Covid-19 : le deuxième vaccin arrive

Santé

Les premières doses du vaccin Moderna seront acheminées, à compter de ce lundi 11 janvier, dans les territoires les plus touchés par l’épidémie.

Après avoir reçu une autorisation de mise sur le marché européen le 6 janvier 2021, le vaccin développé par la société américaine Moderna a fait l’objet d’une recommandation de la Haute autorité de santé (HAS), à l’instar du vaccin développé par les sociétés Pfizer et BioNTech. Utilisant la même technologie dite « à ARN messager », ces deux vaccins peuvent donc être utilisés indifféremment dans le cadre de la stratégie vaccinale proposée par la HAS et mise en œuvre par le gouvernement. L’autorisation du vaccin Moderna « nous permet de disposer, dès cette semaine, de plus 50 000 doses de vaccin supplémentaires. J’ai souhaité que ces doses soient allouées aux régions les plus touchées par la pandémie. Ces doses pourront être administrées dès la semaine prochaine, lorsqu’elles seront arrivées sur les lieux de vaccination », a déclaré le ministre des Solidarités et de la Santé, Olivier Véran, ce dimanche 10 janvier 2021.

Sur le plan logistique, le vaccin Moderna présente des contraintes moins lourdes, notamment en termes de température de stockage (- 20° C) et de durée de conservation décongelé (30 jours), même si celles-ci demeurent fortes, souligne le ministre. D’ici à fin juin, ce sont près de 8 millions de doses qui sont attendues pour le vaccin Moderna, a assuré Olivier Véran.

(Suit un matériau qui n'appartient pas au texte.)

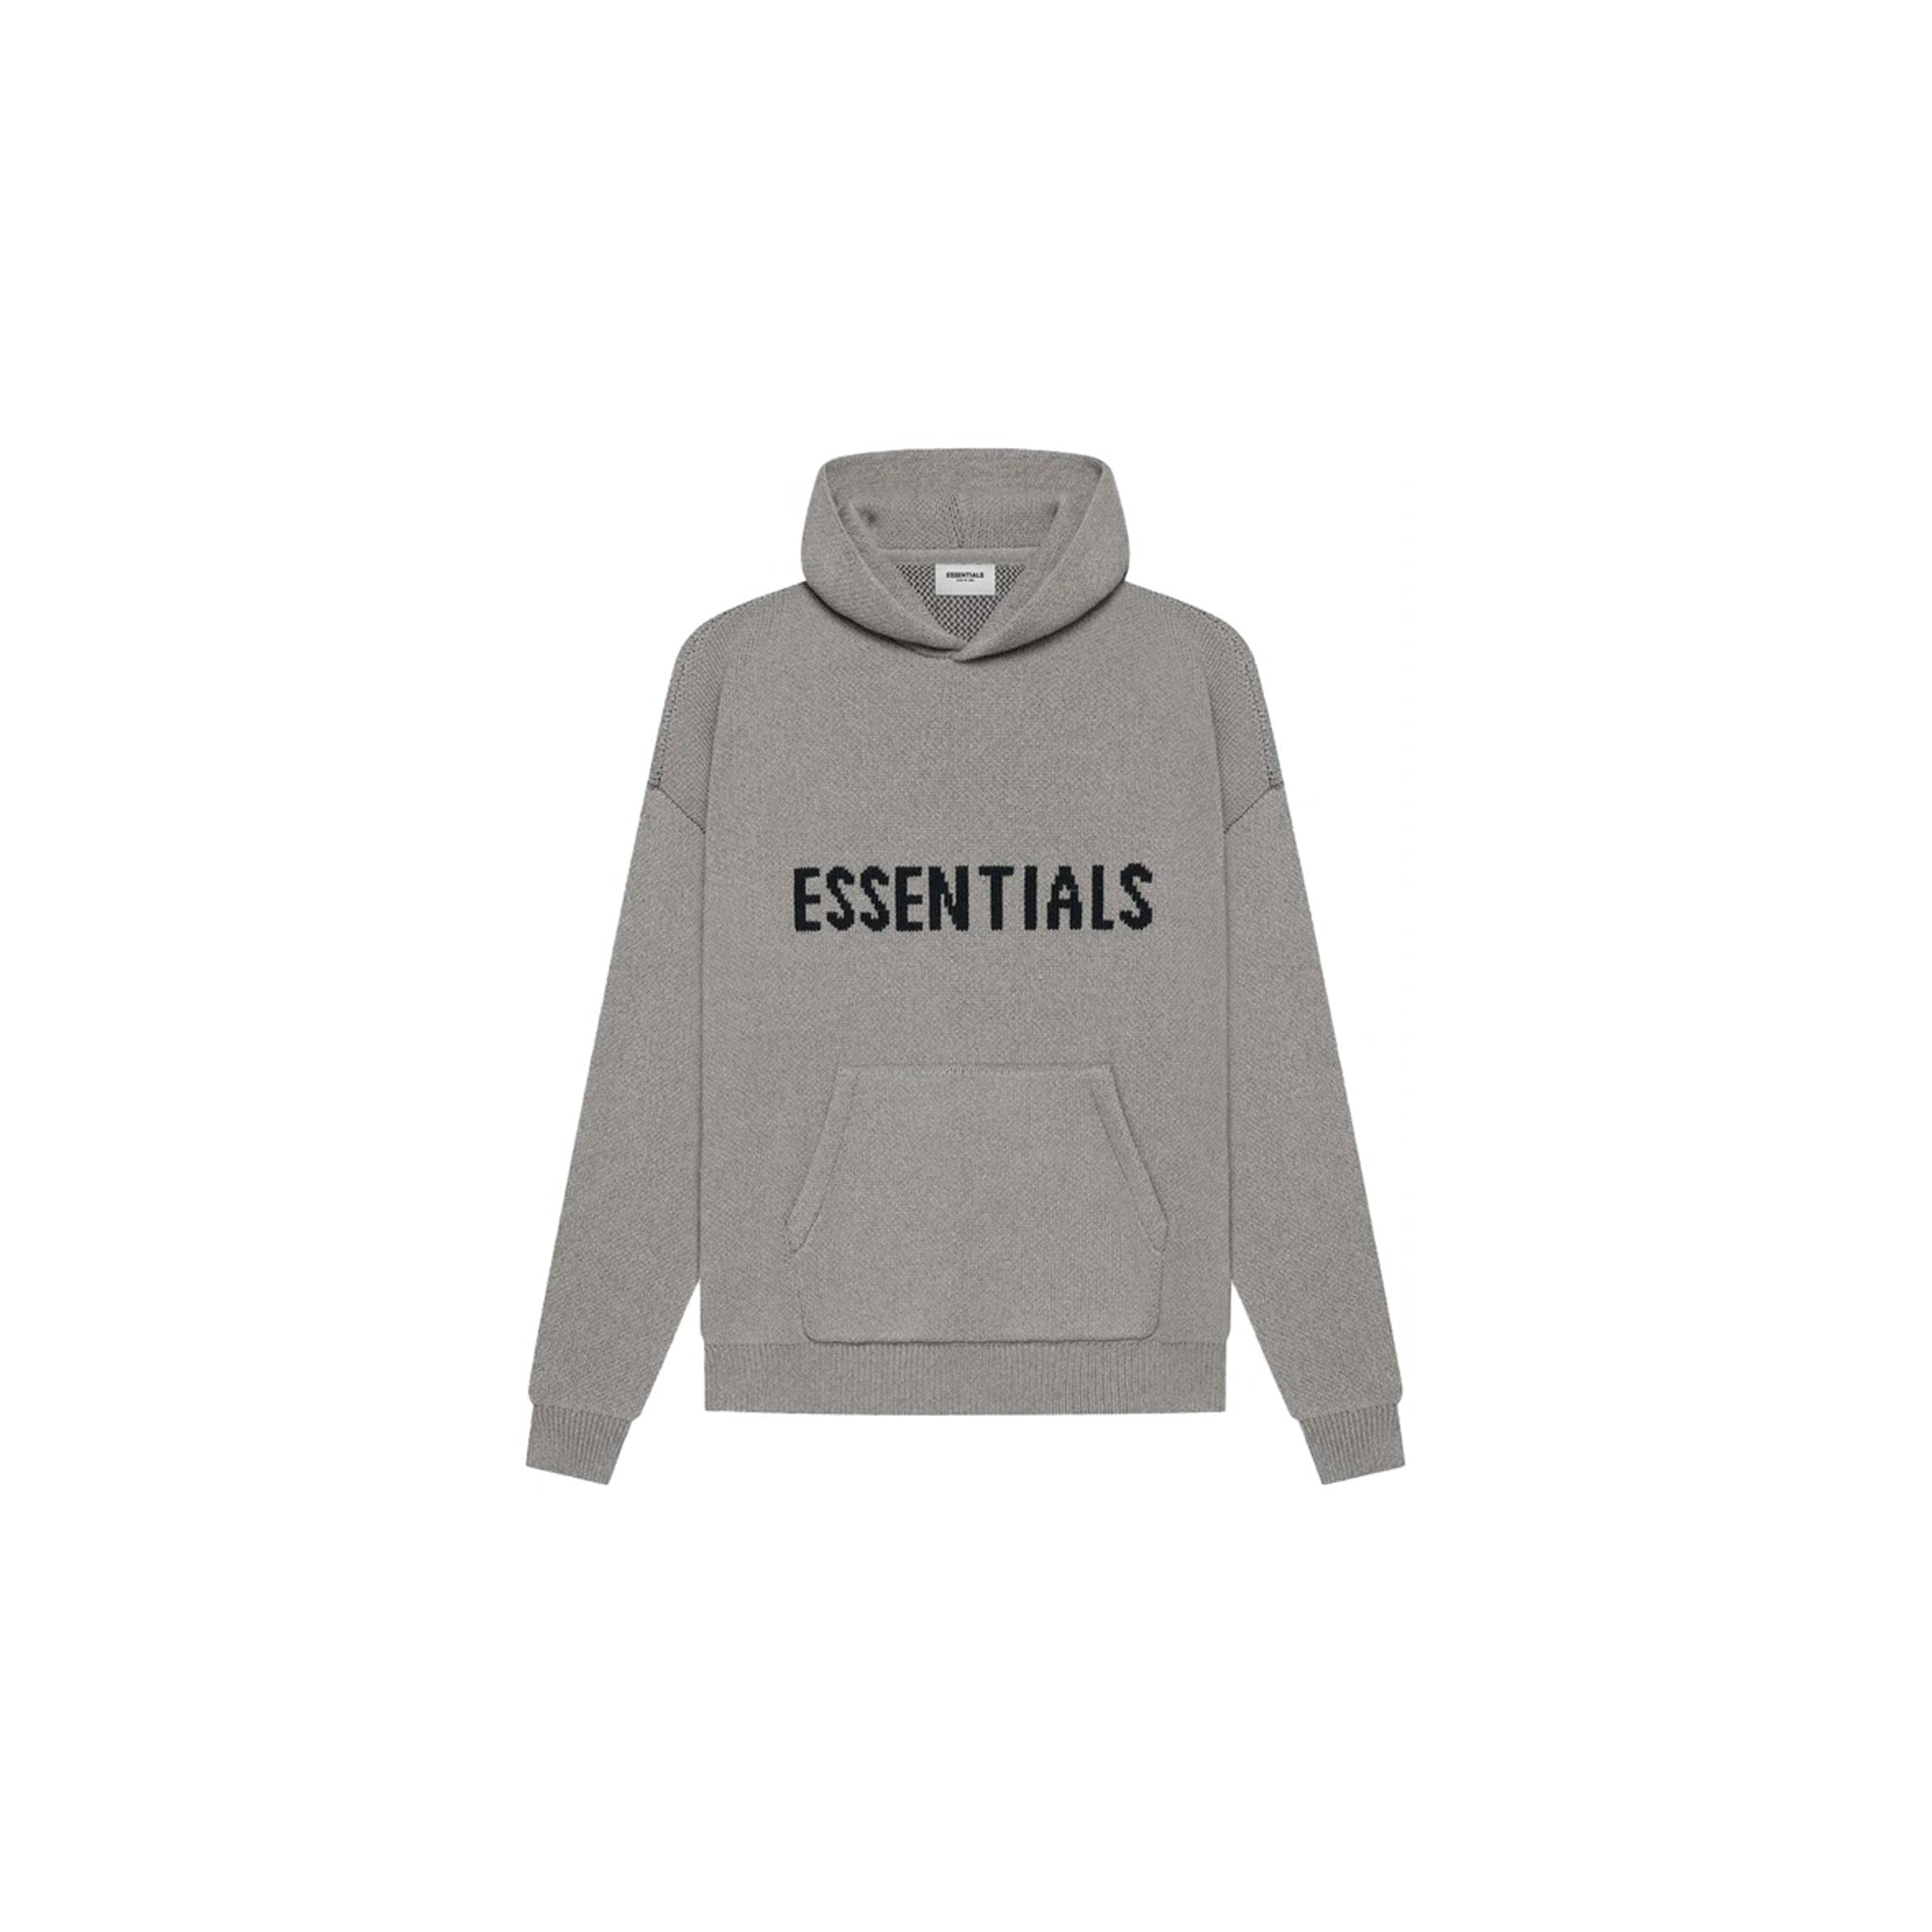 FEAR OF GOD ESSENTIALS KNIT PULLOVER HOODIE DARK HEATHER OATMEAL (SS21)

L’autorisation de ce deuxième vaccin anti-Covid ouvre la voie à une première livraison de doses dès ce lundi 11 janvier, pour un volume de 5 160 flacons contenant chacun 10 doses de vaccin, qui vient s’ajouter aux livraisons hebdomadaires du vaccin Pfizer. Le ministre des Solidarités et de la santé a souhaité, une fois la livraison vérifiée par les pharmaciens partenaires de Santé publique France, que ces doses supplémentaires puissent bénéficier en priorité aux régions dans lesquelles l’épidémie est la plus active. À savoir : Grand Est, Bourgogne-Franche-Comté, Auvergne-Rhône-Alpes et Provence-Alpes-Côte d’Azur. Les établissements de santé suivants seront donc approvisionnés dans la semaine et, à travers eux, les centres de vaccination désormais ouverts dans leurs départements et/ou région :

  • Mulhouse,
  • Colmar,
  • Strasbourg,
  • Reims,
  • Nancy,
  • Metz,
  • Lons-le-Saunier,
  • Besançon,
  • Dijon,
  • Moulins,
  • Nice,
  • Toulon.

Le circuit de distribution du vaccin Moderna, dont les livraisons se poursuivront sous quinzaine et monteront en charge dans le courant du premier trimestre, aura vocation, dans les prochaines semaines, à basculer vers le circuit officinal « qui maille la France de manière extrêmement fine », selon le ministère. Afin, d’une part, de ne pas massivement surcharger la gestion des pharmacies hospitalières des établissements pivots et, d’autre part, de préparer l’arrivée sur l’ensemble du territoire des autres candidats vaccins, qui seront intégrés à ce même circuit.

Les travaux avec les professionnels de santé, notamment les médecins, les pharmaciens et les grossistes-répartiteurs, « se poursuivent dans le cadre de concertations étroites et d’échanges directs toutes les semaines, afin d’anticiper au mieux », conclut le ministère des Solidarités et de la Santé.